A robust level of P. falciparum inactivation was achieved in WB using amustaline/GSH treatment. Parasite log reduction was >5.7 log10 TCID50 per mL. Development of such a pathogen reduction system may provide an opportunity to reduce the risk of TT malaria and improve blood availability.Free full text
Inactivation of Plasmodium falciparum in whole blood using the amustaline and glutathione pathogen reduction technology
Abstract
BACKGROUND
Risk of transfusion‐transmitted (TT) malaria is mainly associated with whole blood (WB) or red blood cell (RBC) transfusion.
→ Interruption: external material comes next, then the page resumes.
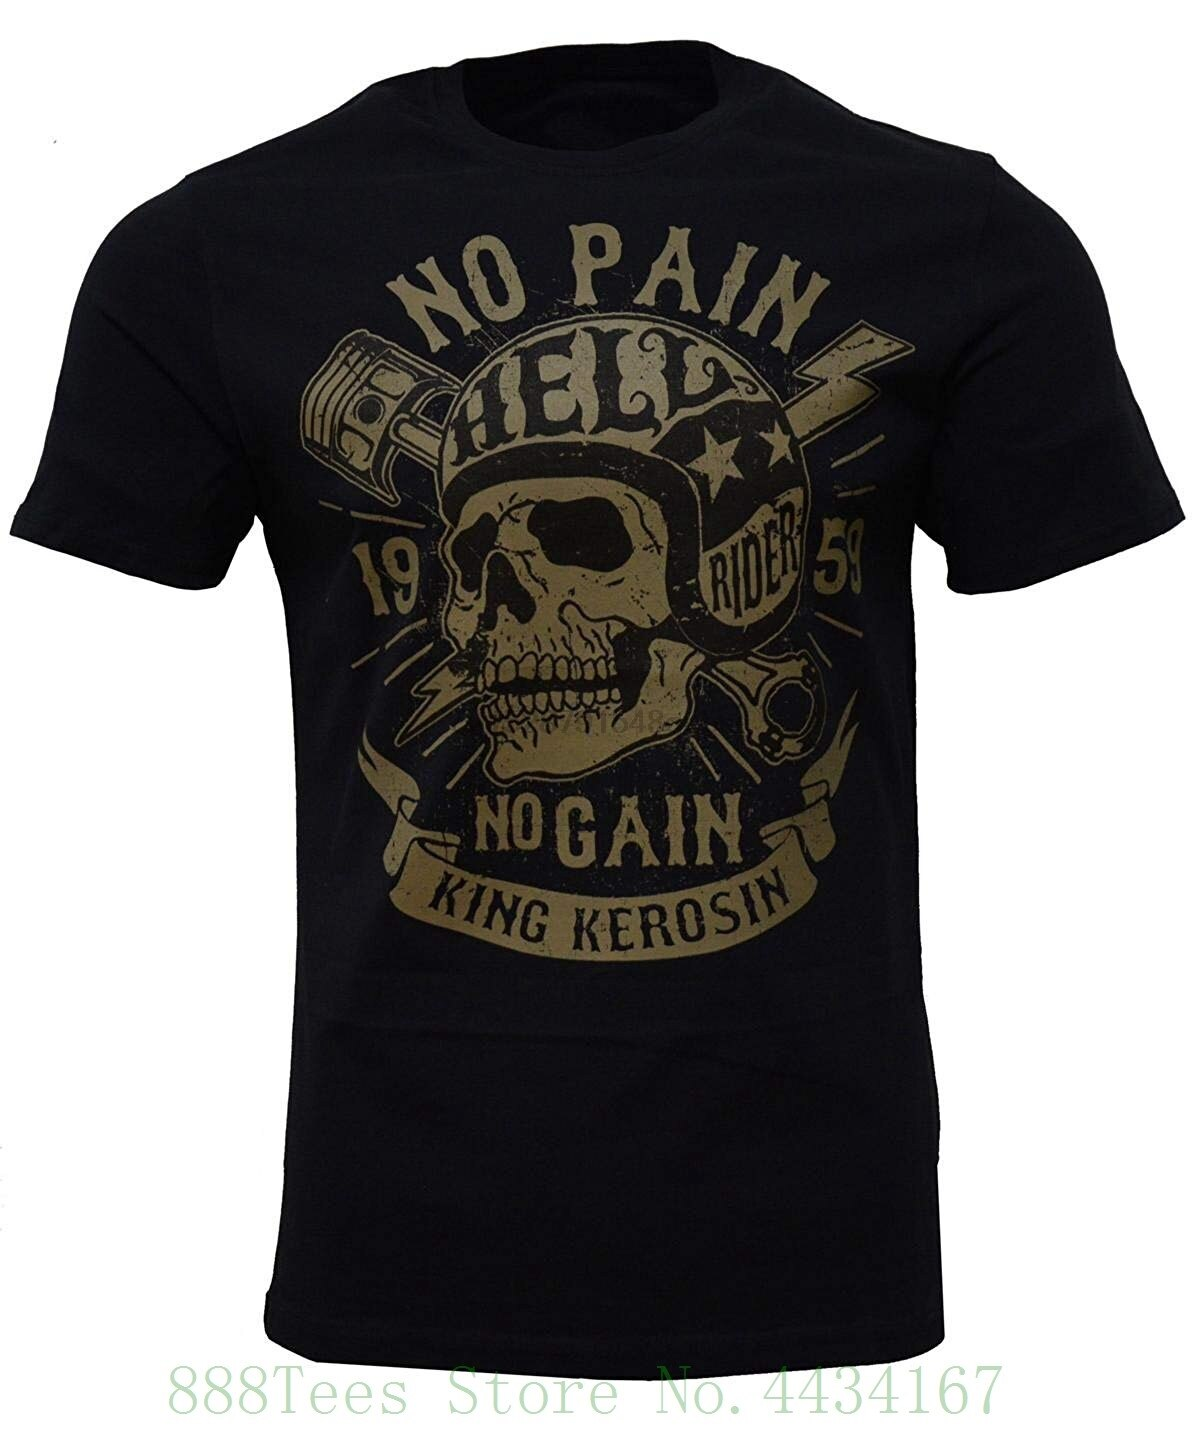 Rei kerosin nenhuma dor nenhum ganho regular t camisa preto impresso t camisa 2018 marca de moda

Risk mitigation relies mostly on donor deferral while a limited number of countries perform blood testing, both negatively impacting blood availability. This study investigated the efficacy of the pathogen reduction system using amustaline and glutathione (GSH) to inactivate Plasmodium falciparum in WB.
STUDY DESIGN AND METHODS
WB units were spiked with ring stage P. falciparum infected RBCs. Parasite loads were measured in samples at time of infection, after 24hours at room temperature (RT), and after a 24‐hour incubation at RT post‐treatment with 0.2mM amustaline and 2mM GSH. Serial 10‐fold dilutions of the samples were inoculated to RBC cultures and maintained up to 4weeks. Parasitemia was quantified by cytometry.
RESULTS
The P. falciparum viability assay has a limit of detection of a single live parasite per sample. Input parasite titer was >5.7 log10 TCID50 per mL. A 24‐hour incubation at RT paused parasite development in controls, but they retained viability and infectivity when tested in culture. In contrast, no infectious parasites were detected in the amustaline/GSH‐treated sample after 4weeks of culture.
CONCLUSION
A robust level of P. falciparum inactivation was achieved in WB using amustaline/GSH treatment. Parasite log reduction was >5.7 log10 TCID50 per mL. Development of such a pathogen reduction system may provide an opportunity to reduce the risk of TT malaria and improve blood availability.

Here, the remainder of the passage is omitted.